Denn mal ehrlich: wer kennt hierzulande die Ballette Prokofieffs wirklich? Wer kennt etwa das Ballett „Auf dem Dnjepr“, wer kennt „Das Märchen von der steinernen Blume“, wer kennt “Der Narr“, wer kennt „der stählerne Schritt“? Sicher, von „L’enfant prodigue“ („Der verlorene Sohn“) hat man wenigstens schon mal etwas gehört, wenn auch die Konzertsuite daraus deutlich vertrauter ist als das komplette Ballett, das es hier zu hören gibt. Und dann blieben da noch die beiden „Kassenschlager“ „Romeo und Julia“ und „Aschenbrödel“. Sie beide haben es streng genommen als einzige Ballette Prokofieffs auch im Westen in den Rang von Repertoireklassikern geschafft.
Das heißt aber nicht, dass die anderen Ballette Pokerface weniger wertvolle Kompositionen wären. Ganz im Gegenteil: es ist absolut frappierend, was für großartige Musik dieses Set bereithält. Selbst die Aufnahmequalität ist für Melodiya-Verhältnisse sogar bei den alten Aufnahmen aus den späten 1950er-Jahren ausgezeichnet (dies natürlich stets in Relation betrachtet zum Aufnahmezeitpunkt). Doch auch die Deutsche Grammophon hat in den 1950er-/1960er-Jahren keine besser klingenden Aufnahmen vorgelegt.
Ausstattungsmäßig kommt die Box wertig daher, in stabilem Karton mit Coverdekoration in UV-Lack, und mit überraschend modern gestalteten Digipaks für die einzelnen CDs.
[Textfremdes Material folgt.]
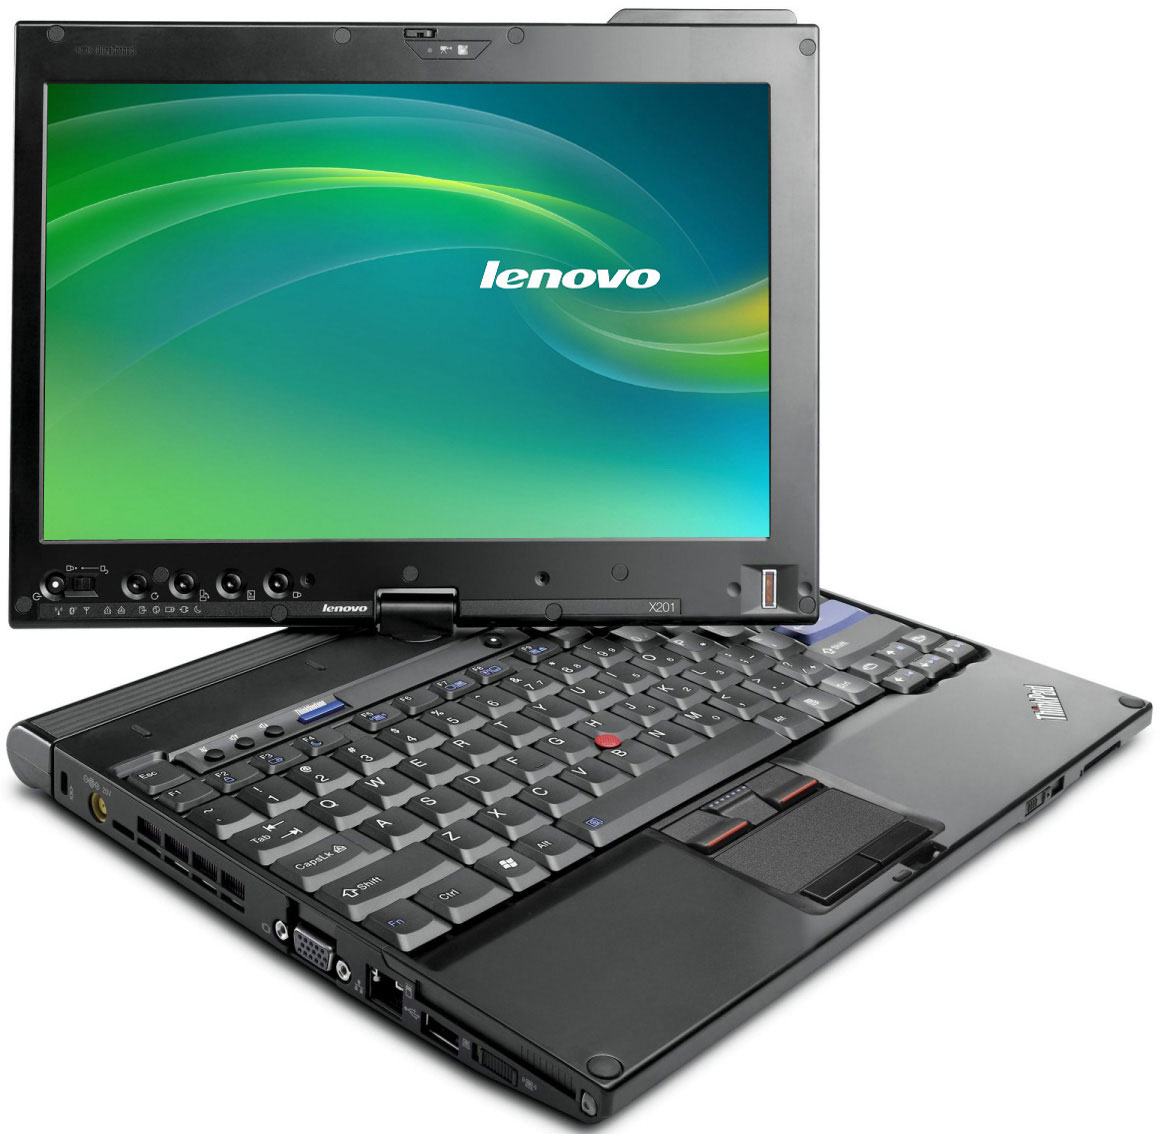 Lenovo ThinkPad X201 Series - Notebookcheck.net External Reviews

Außerdem mit einem stabilen Hardcover-Buch als Booklet. Die Einführungstexte, die Melodiya zu diesen Werken bietet, sind geradezu luxuriös ausführlich (wenn auch nur in englischer und russischer Sprache abgedruckt), zudem entschädigen enorm viele, zum Teil hochinteressante und in sehr guter Druckqualität wiedergegebe Fotos von den Uraufführungsausstattungen der in der Box enthaltenen Ballette für einen reichlich bemessenen Kaufpreis.
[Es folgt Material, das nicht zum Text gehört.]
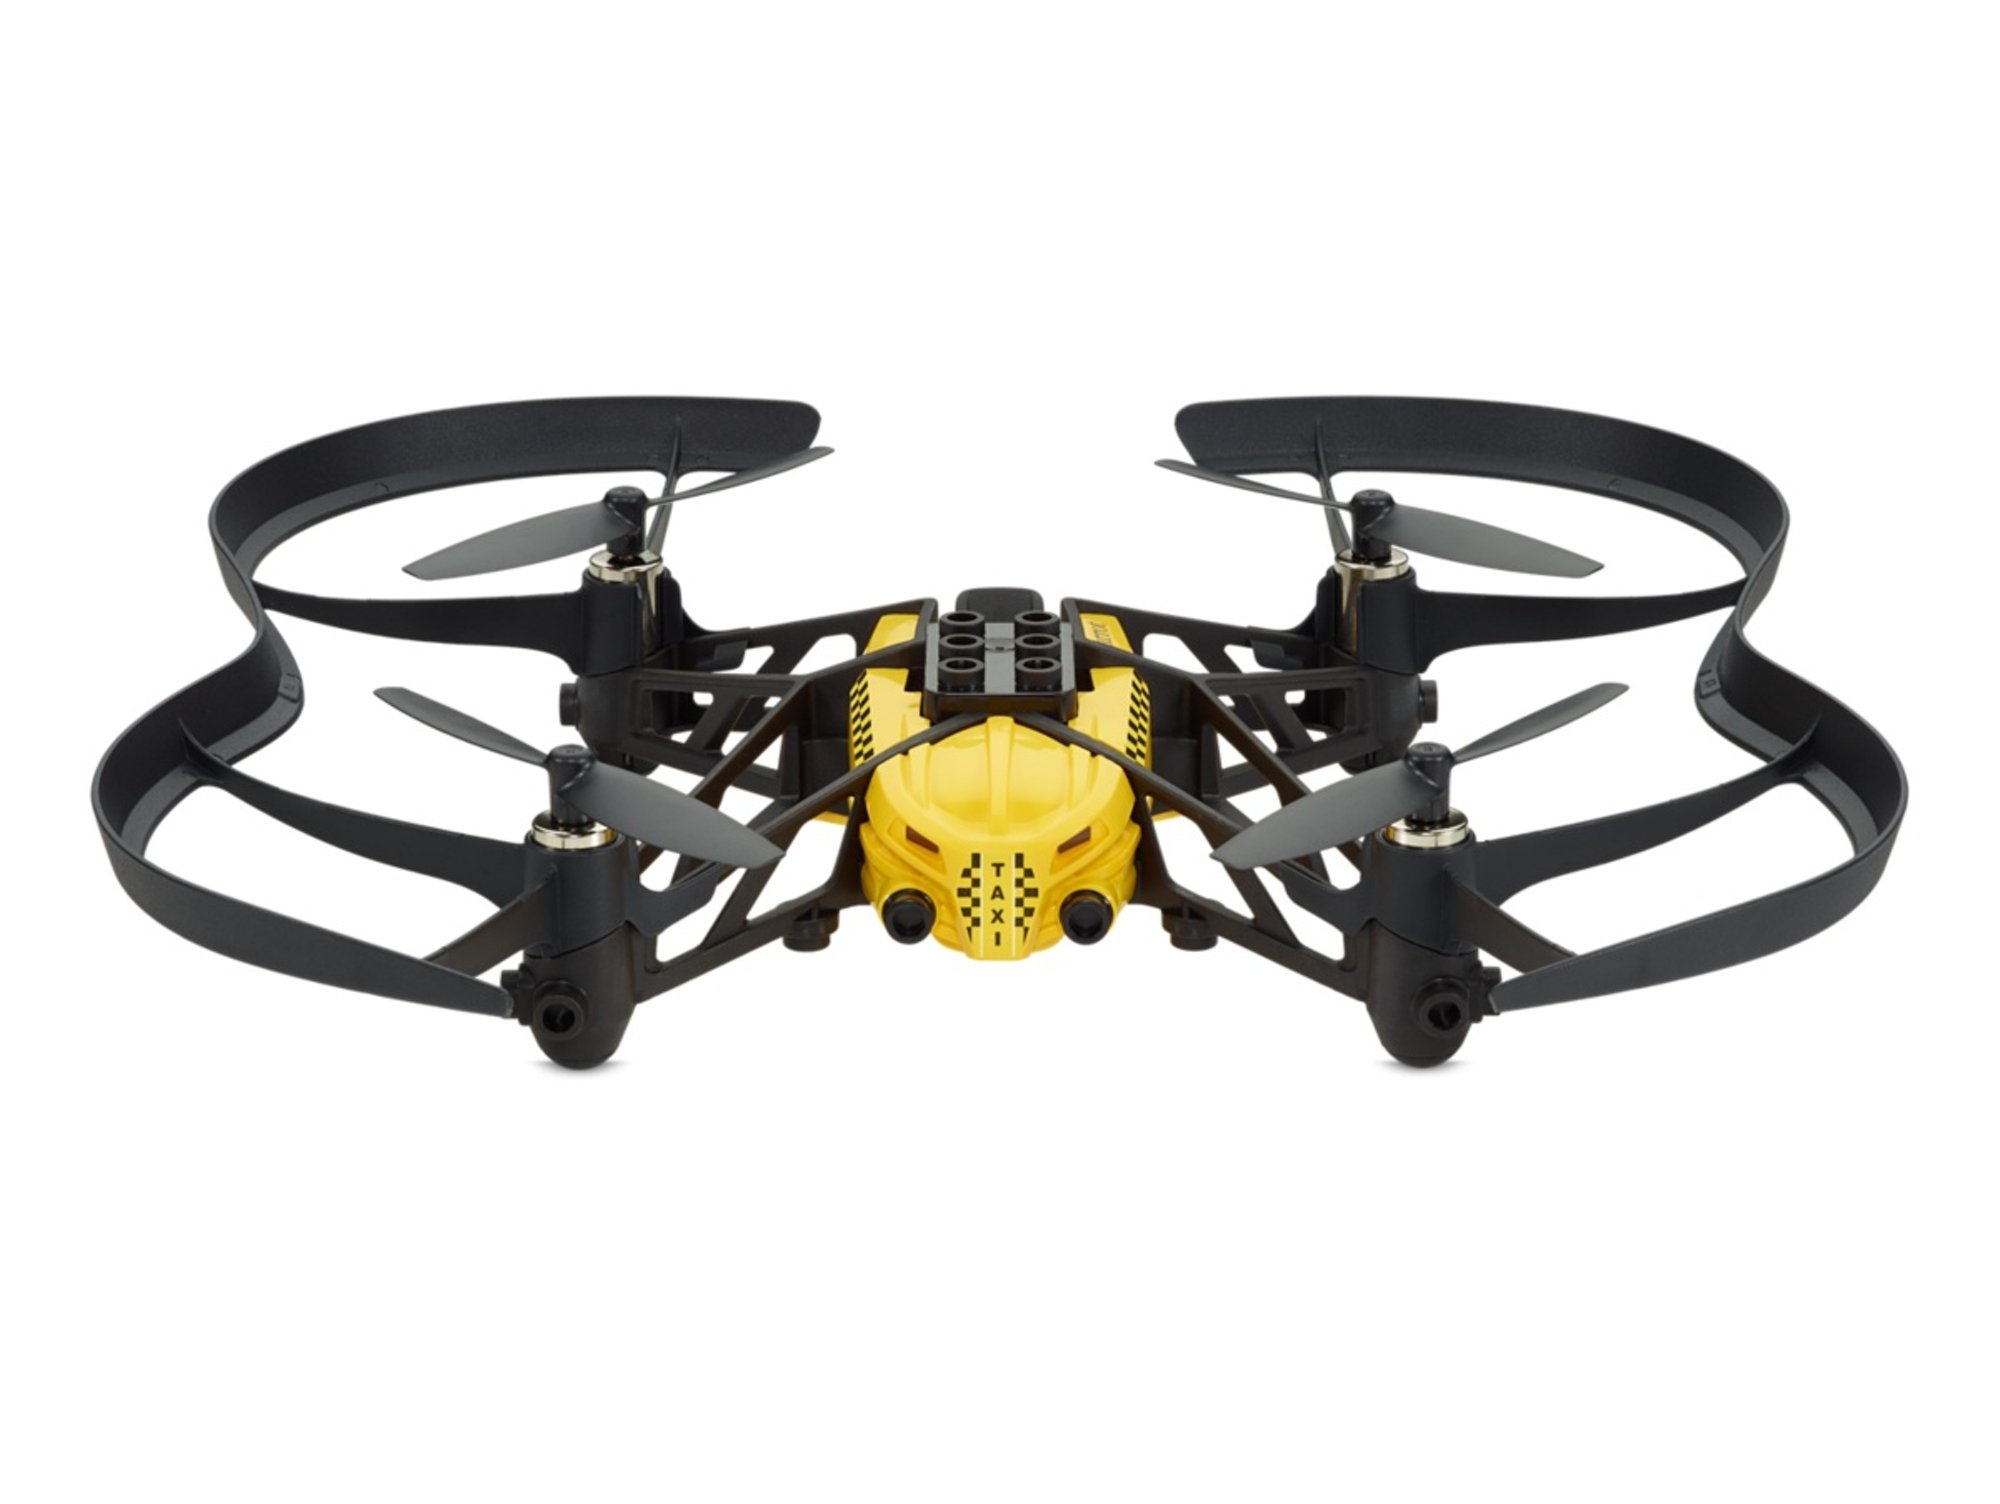 Drone Parrot Airbone cargo travis amarillo airborne con negro 480 x 640 pixeles 20 4 motores takeoff pf723300aa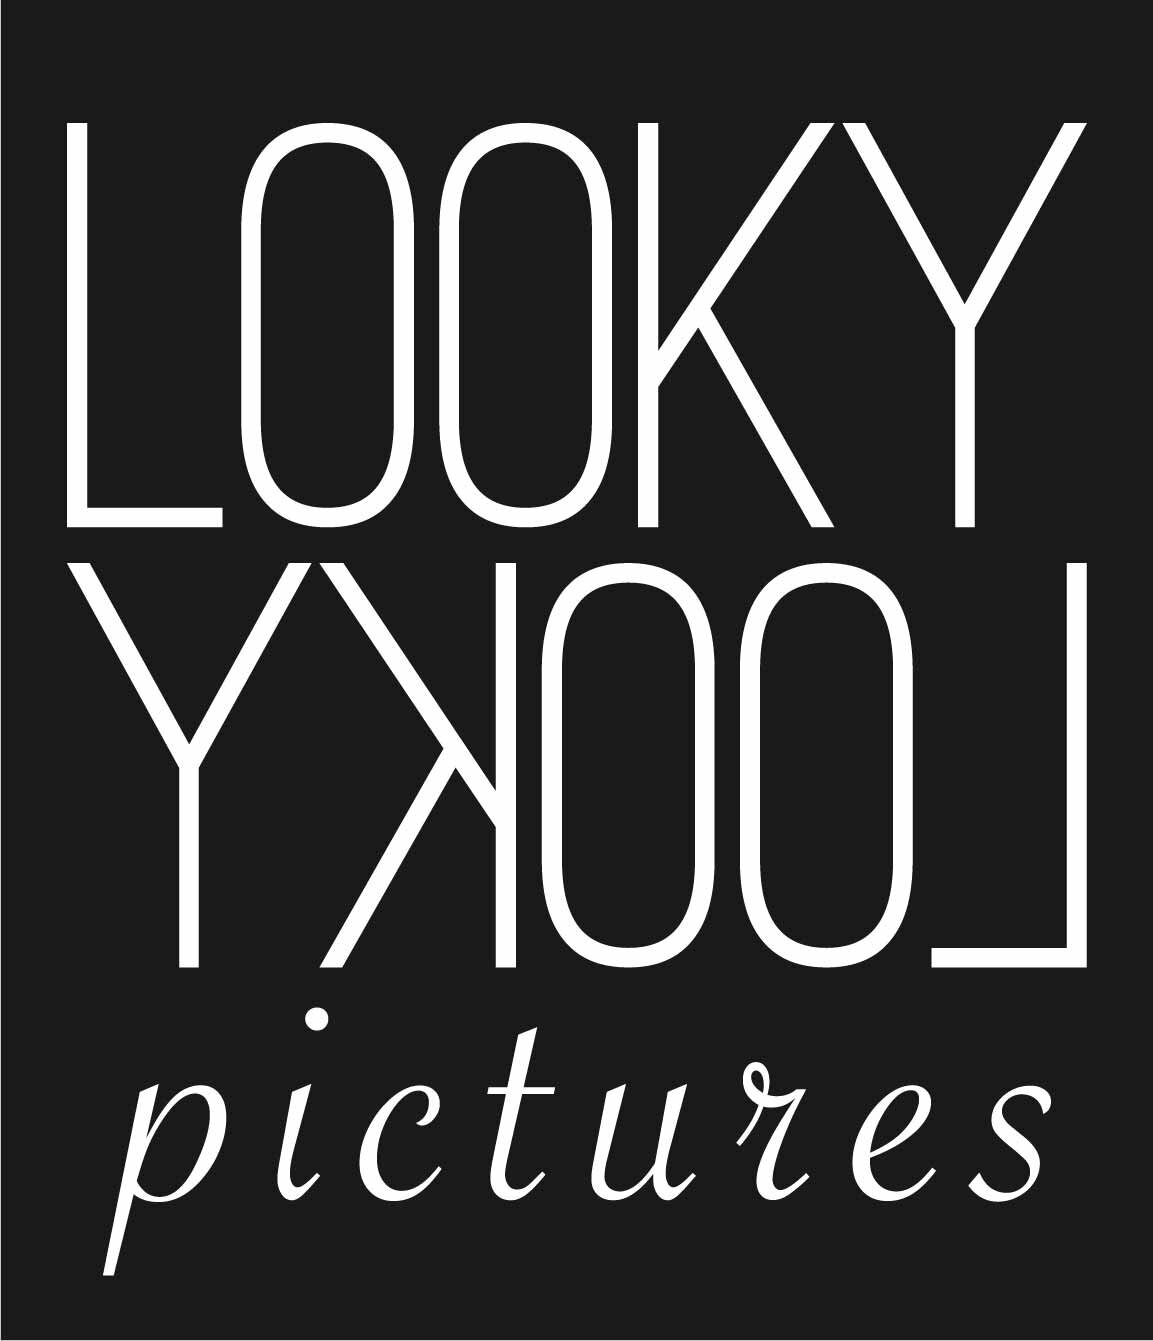  [Image description: Looky Looky Pictures logo.]

Diese Box ist nämlich nicht nur für Prokofieffsammler eine echte Schatztruhe, sondern auch für das Label selbst. Sicher wird man erst einmal schlucken, wenn man die rd. 120 Euro auf den Ladentisch legen muss, die diese teure 9 CD-Box kostet. Aber nicht nur ist dies im Endeffekt ja eine Anschaffung fürs Leben, sondern durch die limitierte Auflage dieser Box (wenn auch nicht nummeriert) ist es wahrscheinlich, dass sich auch diese Edition wieder zum Sammlerstück mausert, so, wie es schon vielen anderen Melodiya-Veröffentlichungen widerfahren ist.